Dataset entries
====
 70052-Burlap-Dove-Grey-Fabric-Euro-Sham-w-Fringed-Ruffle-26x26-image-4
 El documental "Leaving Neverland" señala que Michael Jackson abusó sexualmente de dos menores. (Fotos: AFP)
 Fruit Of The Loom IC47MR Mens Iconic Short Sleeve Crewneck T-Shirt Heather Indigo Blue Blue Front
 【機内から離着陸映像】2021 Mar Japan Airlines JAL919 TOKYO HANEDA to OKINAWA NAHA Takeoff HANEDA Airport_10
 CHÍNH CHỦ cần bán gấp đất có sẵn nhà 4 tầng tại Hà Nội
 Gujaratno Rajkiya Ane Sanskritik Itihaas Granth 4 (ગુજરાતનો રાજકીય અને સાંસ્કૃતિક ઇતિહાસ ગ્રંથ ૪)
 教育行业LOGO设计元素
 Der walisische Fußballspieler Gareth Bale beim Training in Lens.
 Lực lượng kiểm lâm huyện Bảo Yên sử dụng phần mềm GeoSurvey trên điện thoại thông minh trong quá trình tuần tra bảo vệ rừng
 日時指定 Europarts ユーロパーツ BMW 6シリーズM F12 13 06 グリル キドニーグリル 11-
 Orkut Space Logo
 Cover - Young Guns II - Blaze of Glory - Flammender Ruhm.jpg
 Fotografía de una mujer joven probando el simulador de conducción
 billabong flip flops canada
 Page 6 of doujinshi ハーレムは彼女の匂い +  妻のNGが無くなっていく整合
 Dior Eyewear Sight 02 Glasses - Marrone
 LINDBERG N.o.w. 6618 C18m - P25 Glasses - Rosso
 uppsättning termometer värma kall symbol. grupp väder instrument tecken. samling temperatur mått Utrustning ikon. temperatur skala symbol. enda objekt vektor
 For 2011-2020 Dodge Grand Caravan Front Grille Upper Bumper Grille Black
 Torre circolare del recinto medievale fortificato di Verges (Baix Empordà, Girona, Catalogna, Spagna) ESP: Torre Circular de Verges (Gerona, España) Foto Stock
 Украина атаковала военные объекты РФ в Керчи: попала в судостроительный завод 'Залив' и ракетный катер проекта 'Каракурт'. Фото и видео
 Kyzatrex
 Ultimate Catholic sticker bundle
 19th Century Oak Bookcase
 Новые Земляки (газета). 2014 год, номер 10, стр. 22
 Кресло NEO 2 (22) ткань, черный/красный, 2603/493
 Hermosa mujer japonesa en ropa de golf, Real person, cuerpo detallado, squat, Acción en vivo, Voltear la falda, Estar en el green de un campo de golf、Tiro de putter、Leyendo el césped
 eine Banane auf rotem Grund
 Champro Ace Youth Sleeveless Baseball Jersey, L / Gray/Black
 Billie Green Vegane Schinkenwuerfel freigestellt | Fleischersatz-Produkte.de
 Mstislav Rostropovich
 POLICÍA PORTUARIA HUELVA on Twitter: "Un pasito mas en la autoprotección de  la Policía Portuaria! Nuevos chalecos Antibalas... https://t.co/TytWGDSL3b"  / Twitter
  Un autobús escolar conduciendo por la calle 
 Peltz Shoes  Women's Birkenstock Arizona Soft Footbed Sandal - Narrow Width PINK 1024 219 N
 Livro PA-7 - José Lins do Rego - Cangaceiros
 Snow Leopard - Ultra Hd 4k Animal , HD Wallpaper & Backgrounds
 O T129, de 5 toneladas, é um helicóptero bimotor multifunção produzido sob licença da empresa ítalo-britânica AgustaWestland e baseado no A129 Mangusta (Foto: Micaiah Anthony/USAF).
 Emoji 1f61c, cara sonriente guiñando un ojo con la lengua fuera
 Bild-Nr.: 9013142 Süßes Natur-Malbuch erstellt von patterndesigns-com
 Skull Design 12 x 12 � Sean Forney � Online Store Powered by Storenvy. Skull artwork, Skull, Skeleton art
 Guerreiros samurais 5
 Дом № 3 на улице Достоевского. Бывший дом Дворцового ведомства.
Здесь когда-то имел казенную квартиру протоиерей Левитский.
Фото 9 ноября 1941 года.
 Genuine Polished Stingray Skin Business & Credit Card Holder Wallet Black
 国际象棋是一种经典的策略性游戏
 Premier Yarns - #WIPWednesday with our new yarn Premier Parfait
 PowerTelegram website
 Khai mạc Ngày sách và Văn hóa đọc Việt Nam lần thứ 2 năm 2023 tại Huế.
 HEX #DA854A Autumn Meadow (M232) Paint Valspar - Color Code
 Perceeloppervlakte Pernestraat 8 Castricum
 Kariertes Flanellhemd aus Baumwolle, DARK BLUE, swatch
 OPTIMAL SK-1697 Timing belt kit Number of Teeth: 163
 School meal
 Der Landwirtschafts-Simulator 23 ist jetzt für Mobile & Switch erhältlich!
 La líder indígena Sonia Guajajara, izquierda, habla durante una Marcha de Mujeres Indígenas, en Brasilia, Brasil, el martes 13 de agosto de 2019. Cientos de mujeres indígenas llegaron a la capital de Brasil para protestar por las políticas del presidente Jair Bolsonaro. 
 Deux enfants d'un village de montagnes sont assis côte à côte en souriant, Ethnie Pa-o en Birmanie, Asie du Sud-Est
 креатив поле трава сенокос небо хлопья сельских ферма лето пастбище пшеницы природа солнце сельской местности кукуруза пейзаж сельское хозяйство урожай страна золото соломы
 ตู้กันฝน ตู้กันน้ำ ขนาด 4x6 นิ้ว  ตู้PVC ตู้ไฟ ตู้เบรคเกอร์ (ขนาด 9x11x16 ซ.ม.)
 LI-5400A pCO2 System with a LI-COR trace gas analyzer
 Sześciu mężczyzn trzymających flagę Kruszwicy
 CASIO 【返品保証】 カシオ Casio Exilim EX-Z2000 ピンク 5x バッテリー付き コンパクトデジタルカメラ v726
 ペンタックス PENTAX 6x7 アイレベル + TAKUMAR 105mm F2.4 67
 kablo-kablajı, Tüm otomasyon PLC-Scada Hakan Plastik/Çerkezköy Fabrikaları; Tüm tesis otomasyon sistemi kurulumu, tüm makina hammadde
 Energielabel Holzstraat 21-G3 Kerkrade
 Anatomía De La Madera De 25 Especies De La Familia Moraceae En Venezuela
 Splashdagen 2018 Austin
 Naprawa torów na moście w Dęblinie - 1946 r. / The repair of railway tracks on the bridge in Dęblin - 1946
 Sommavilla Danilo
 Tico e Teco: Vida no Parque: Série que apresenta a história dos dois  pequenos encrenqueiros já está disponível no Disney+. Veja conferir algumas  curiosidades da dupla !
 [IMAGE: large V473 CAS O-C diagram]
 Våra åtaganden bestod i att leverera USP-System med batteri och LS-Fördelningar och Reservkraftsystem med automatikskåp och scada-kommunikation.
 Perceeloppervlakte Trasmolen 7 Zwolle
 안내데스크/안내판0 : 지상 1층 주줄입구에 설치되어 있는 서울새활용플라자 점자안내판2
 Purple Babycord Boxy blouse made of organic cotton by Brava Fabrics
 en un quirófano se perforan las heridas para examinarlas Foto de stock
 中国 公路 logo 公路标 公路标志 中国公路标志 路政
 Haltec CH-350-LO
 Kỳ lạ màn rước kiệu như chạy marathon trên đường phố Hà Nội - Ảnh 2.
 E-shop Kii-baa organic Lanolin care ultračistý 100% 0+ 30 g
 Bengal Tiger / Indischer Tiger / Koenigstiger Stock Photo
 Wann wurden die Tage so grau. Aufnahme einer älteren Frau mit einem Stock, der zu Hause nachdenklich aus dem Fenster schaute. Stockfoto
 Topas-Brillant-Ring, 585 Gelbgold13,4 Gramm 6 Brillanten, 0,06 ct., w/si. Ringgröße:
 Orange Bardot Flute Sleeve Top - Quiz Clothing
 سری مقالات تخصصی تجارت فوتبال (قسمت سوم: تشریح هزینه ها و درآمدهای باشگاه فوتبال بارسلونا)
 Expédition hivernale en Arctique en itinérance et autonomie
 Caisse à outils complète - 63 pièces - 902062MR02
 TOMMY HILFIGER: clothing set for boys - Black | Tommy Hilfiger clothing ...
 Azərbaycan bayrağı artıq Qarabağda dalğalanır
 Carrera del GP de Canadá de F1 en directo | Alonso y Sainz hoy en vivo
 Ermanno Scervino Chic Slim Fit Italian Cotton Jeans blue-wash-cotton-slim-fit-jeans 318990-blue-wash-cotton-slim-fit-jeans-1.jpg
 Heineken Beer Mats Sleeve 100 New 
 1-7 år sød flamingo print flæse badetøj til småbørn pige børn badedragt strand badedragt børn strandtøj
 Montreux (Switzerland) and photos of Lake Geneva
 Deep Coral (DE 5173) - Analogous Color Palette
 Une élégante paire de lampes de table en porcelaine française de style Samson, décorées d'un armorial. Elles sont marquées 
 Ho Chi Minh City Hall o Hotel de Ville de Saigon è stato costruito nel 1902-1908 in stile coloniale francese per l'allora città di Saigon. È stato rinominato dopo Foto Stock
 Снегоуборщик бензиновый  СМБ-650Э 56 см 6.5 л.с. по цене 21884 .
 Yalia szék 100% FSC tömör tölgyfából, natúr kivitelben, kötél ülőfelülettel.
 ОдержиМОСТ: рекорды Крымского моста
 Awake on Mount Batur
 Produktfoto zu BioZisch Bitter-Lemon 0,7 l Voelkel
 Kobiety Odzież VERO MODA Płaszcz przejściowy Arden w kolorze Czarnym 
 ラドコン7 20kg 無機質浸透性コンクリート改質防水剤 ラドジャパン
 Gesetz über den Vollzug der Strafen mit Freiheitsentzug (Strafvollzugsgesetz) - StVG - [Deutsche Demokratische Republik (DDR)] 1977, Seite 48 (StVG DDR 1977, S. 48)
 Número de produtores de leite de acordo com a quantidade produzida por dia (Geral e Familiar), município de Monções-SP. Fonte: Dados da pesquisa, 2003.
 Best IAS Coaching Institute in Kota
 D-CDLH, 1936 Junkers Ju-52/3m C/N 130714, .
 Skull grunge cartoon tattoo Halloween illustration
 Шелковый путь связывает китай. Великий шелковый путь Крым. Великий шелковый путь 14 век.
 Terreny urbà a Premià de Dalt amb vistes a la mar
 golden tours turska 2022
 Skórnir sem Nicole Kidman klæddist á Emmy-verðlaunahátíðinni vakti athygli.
====
__Task to carry out__:
Return word for word the lines above from the line with "Der walisische Fußballspieler" to the line with "Cover - Young", including both and leaving out all others.

__The answer__:
 Der walisische Fußballspieler Gareth Bale beim Training in Lens.
 Lực lượng kiểm lâm huyện Bảo Yên sử dụng phần mềm GeoSurvey trên điện thoại thông minh trong quá trình tuần tra bảo vệ rừng
 日時指定 Europarts ユーロパーツ BMW 6シリーズM F12 13 06 グリル キドニーグリル 11-
 Orkut Space Logo
 Cover - Young Guns II - Blaze of Glory - Flammender Ruhm.jpg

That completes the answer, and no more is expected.